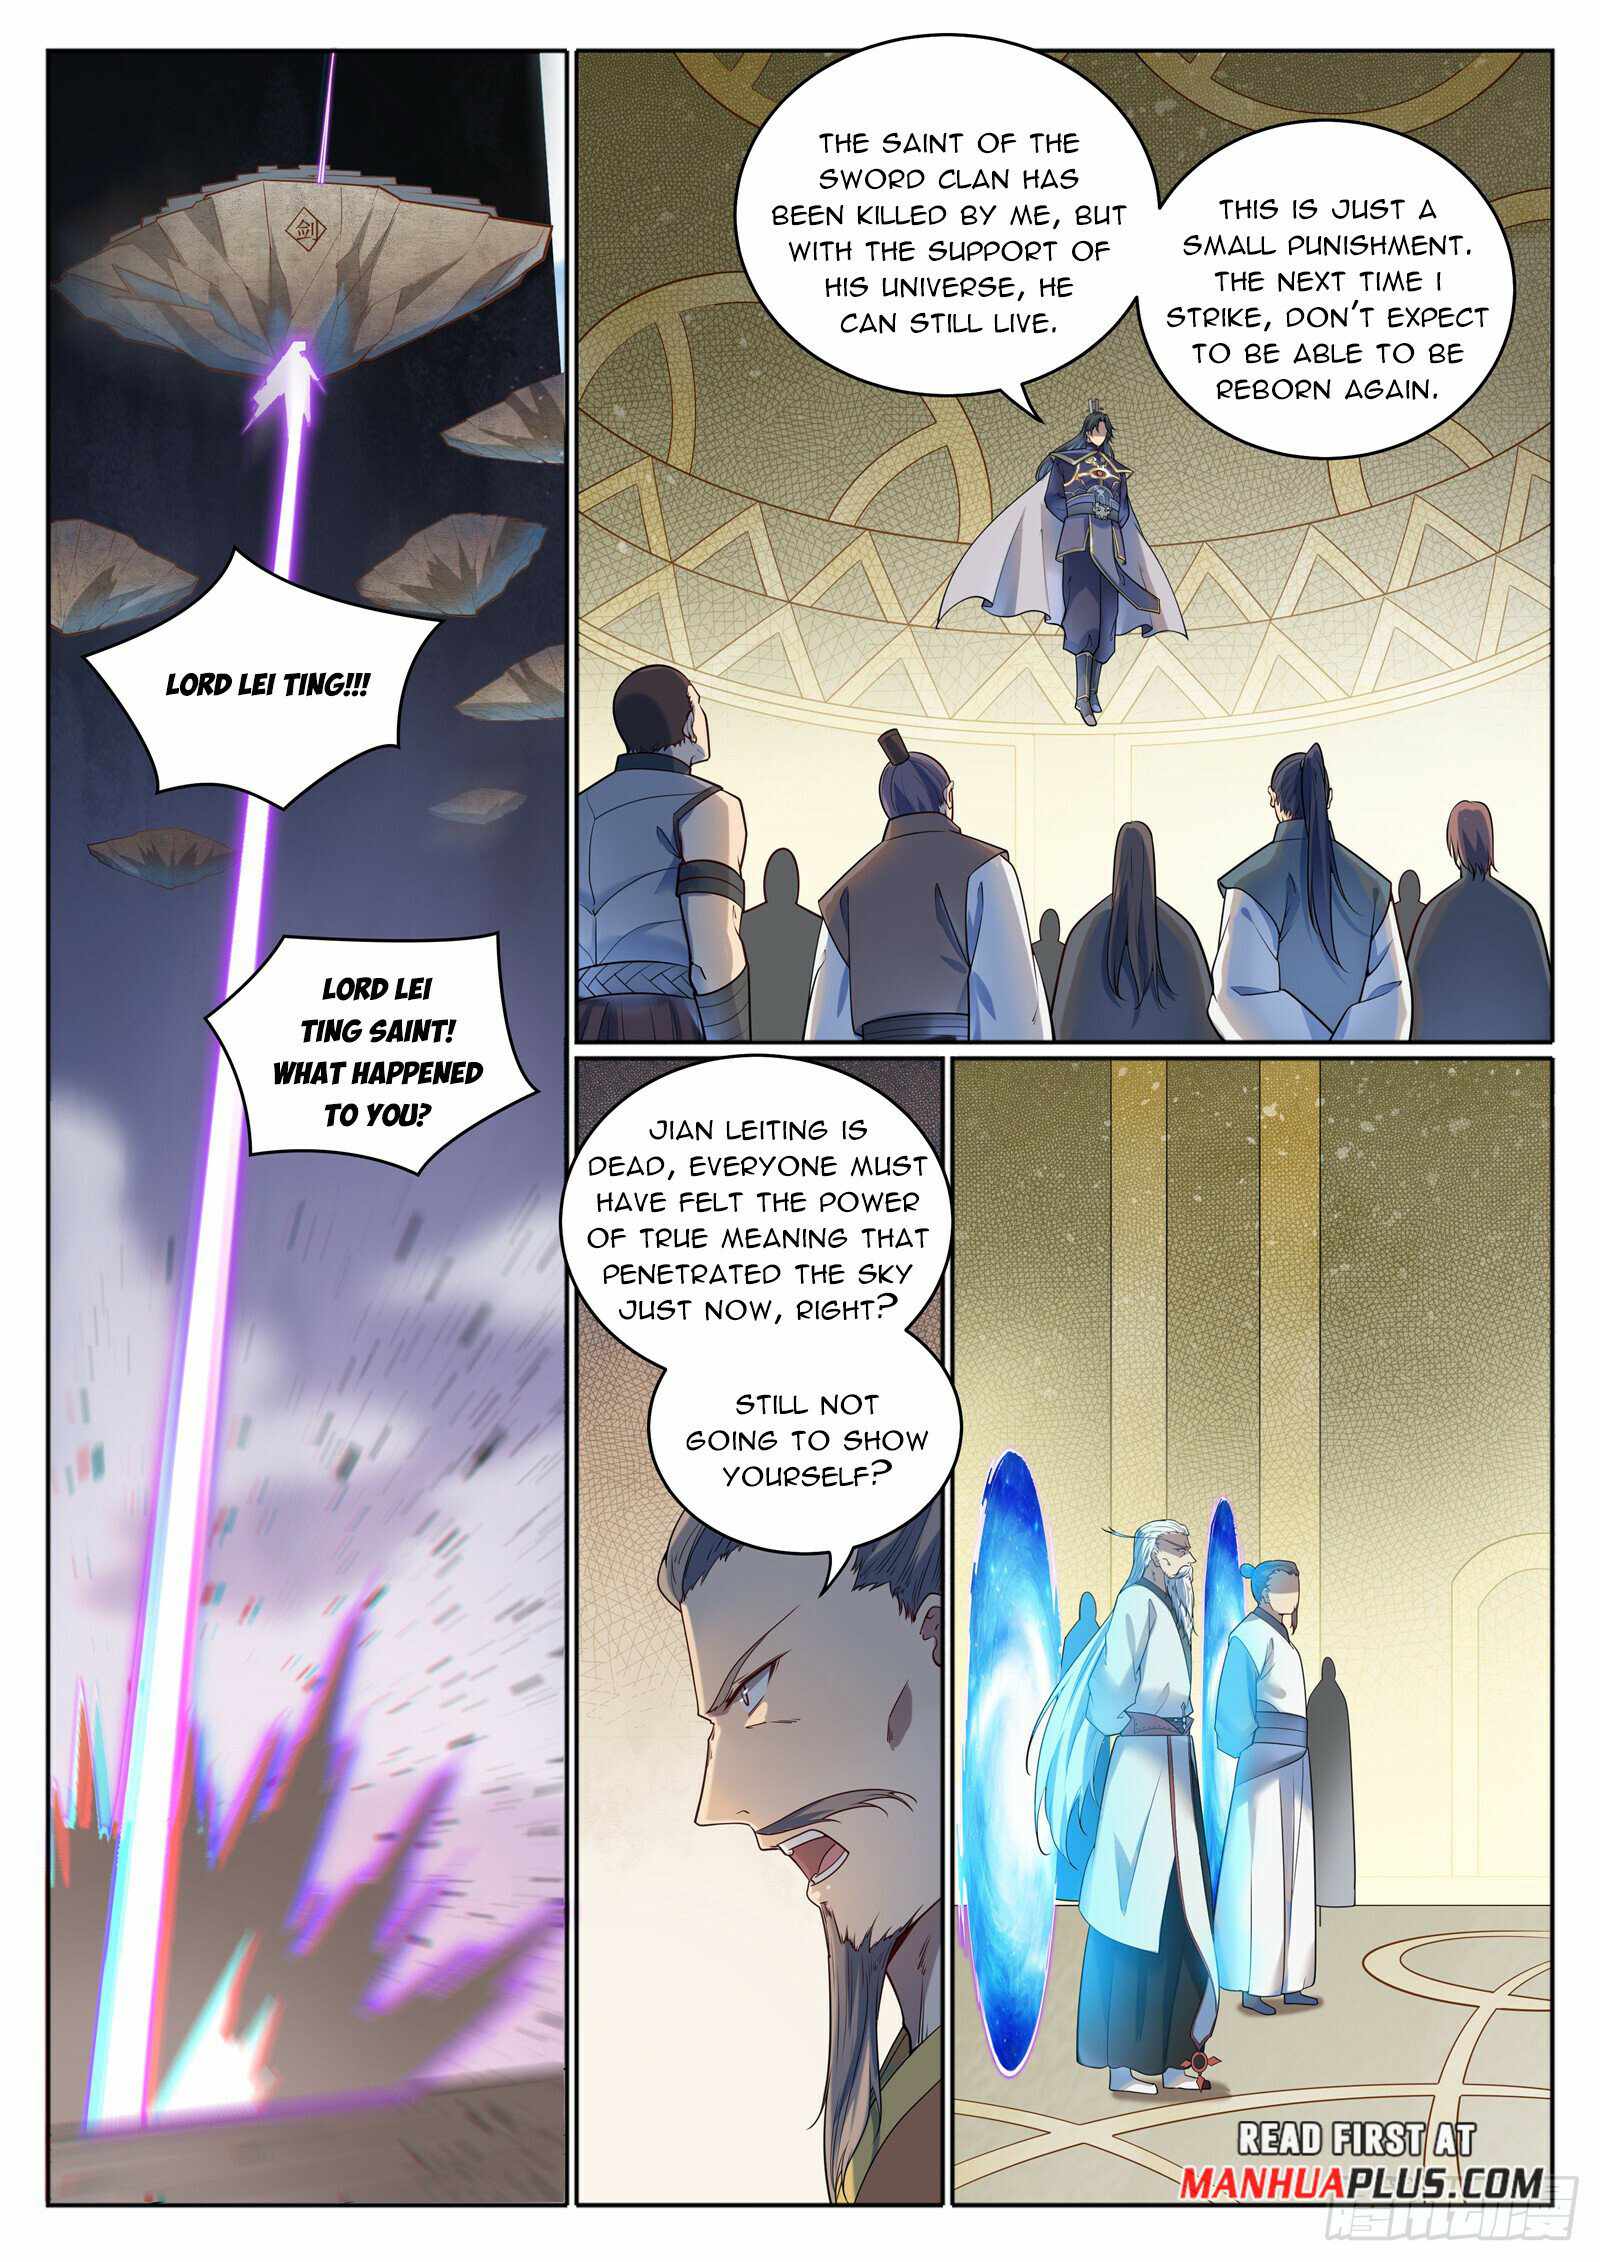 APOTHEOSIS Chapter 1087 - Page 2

------------------------------

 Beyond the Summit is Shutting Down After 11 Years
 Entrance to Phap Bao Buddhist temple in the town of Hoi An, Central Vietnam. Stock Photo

------------------------------

## What you should do
Beginning with the line that has "Beyond the Summit" and ending with the line that has "Entrance to Phap", set down the lines above exactly and include no others.

## Task response
 Beyond the Summit is Shutting Down After 11 Years
 Entrance to Phap Bao Buddhist temple in the town of Hoi An, Central Vietnam. Stock Photo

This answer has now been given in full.